# Threading the TUG needle



## stonebroke (Apr 8, 2008)

I like to read posts starting at the first one and seeing everyone along the way. That is how I used to be able to read the tug posts. Now all of a sudden I am getting the most recent post first and the first post is last so I have to go to the bottom and read up.  I have tried the other Hybrid and the like threads but they don't show everything and I want it all. What am I doing wrong?  Did I change some setting?
Thanks


----------



## AwayWeGo (Apr 8, 2008)

*Newest Entry On Top.*




stonebroke said:


> I like to read posts starting at the first one and seeing everyone along the way. That is how I used to be able to read the tug posts. Now all of a sudden I am getting the most recent post first and the first post is last so I have to go to the bottom and read up.  I have tried the other Hybrid and the like threads but they don't show everything and I want it all.
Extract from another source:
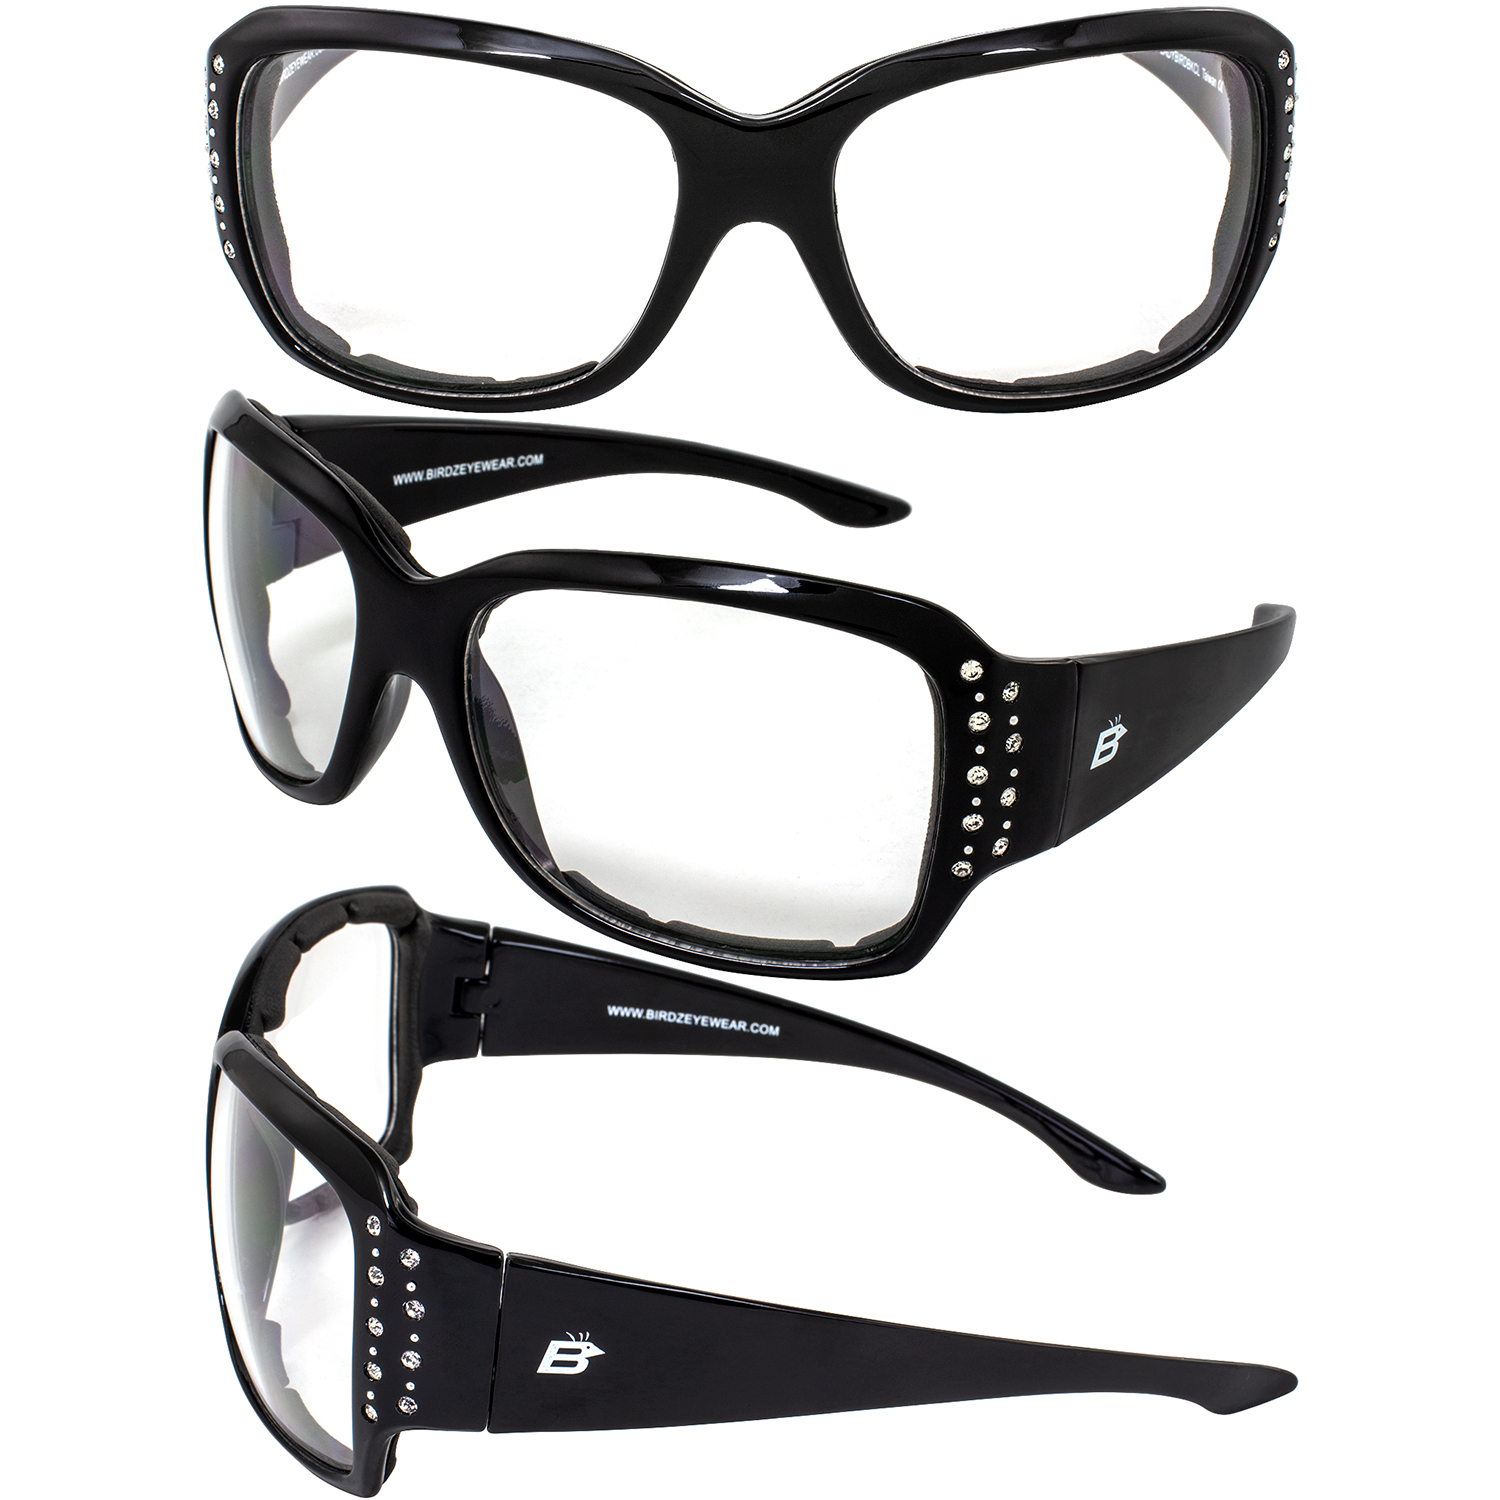 Birdz Eyewear LadyBird Padded Motorcycle Sunglasses Glasses for Women Bling Rhinestone Accents 3 Pairs Black Frame w/Clear Smoke & Driving Mirror Lenses - image 4 of 9

What am I doing wrong?  Did I change some setting?


I like to see the newest topic entry at the top, then scroll down for the 1s that came in before that, with the original entry last.  Don't ask me why -- that's just the way I like it.  And that's how I have it set up on my electric computer -- although I don't remember what I did to get it to do that. 

I think there are some settings for switching things around to suit different people's preferences.  Pretty considerate of the software designers, eh?  

-- Alan Cole, McLean (Fairfax County), Viriginia, USA.​


----------



## Dave M (Apr 8, 2008)

Go to "Quick Links" above and click on "Edit Options". You'll notice that under "Thread Display Options", you probably have "Linear - Newest First" as your current setting. Change it to "Linear - Oldest First", which was probably your old and favorite setting. Then click on "Save Changes" at the bottom of that page.


----------



## Makai Guy (Apr 8, 2008)

For future reference, answers to most of your BBS operational questions can be found in the Troubleshooting Help sticky thread in the About TUG BBS forum.

For this question in particular:
http://www.tugbbs.com/forums/showthread.php?t=10879


----------



## stonebroke (Apr 9, 2008)

*That was it*

Thanks for the help. My settings had been changed somehow.  I am back to reading it the way I like.


----------